За трясучестью рук моих мне вовсе не в руки вложили стакан, но к губам поднесли. Чтобы выпил скорее.

– Пей. Раскис…

Не успевшее стать проглоченным потекло вниз по дрожащему подбородку. Я глотал, торопясь.

Мы опять очутились на кухне.

– Знай, что я тебе говорю, – заставлял меня слушать Василий. – Ни в какой газете того не прочтешь, ни по какому ящику не увидишь.

Пренебрегая моей нетрезвостью, он поведал мне великую тайну, от которой рассудок, решительно защищаясь, отключался время от времени. Как хорошо, что не все мною усвоено, не все понято. Но и за вычетом этого понятое мною серьезно будоражит мысль.

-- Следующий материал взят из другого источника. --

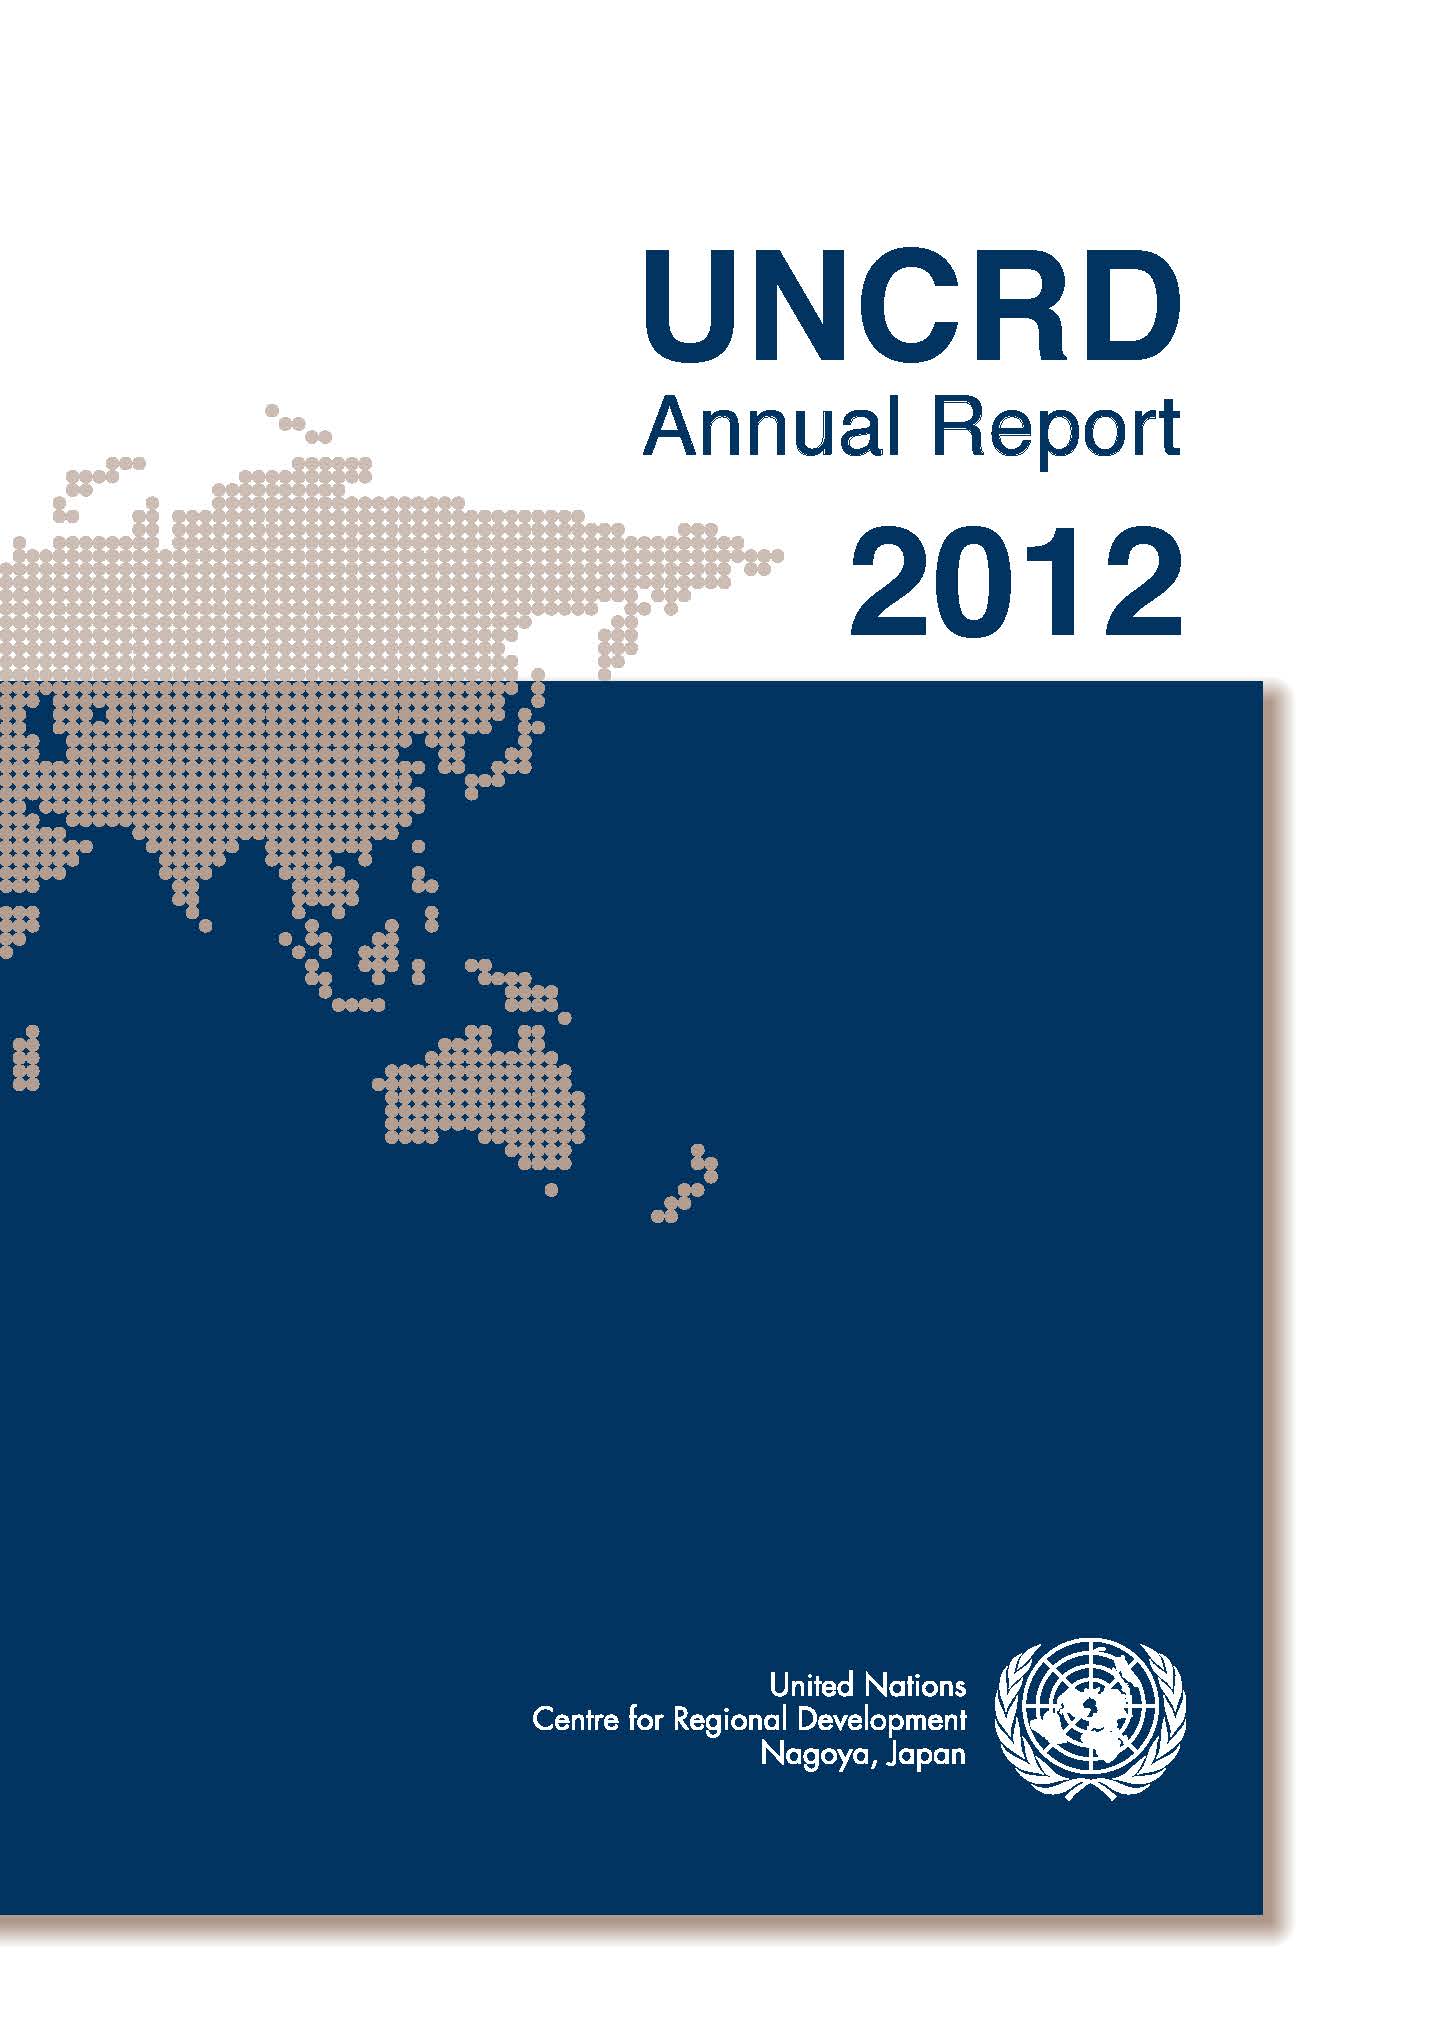 Cover of the UNCRD Annual Report 2012

Одно верно: Василий знал много. Он владел деталями плана, доступного ему в самых общих чертах. Всепроникновенность мафии – общеизвестное свойство, но знает ли кто, что она дошла и дотуда? Хрустальный гроб обворован – это уже факт истории, не считая того, что известно об этом лишь избранным. Василий поведал мне существо подмены: вместо тела положена кукла, муляж, искусная копия тела. Василий доказывал, что никто не заметил подмены, настолько все сделано гладко.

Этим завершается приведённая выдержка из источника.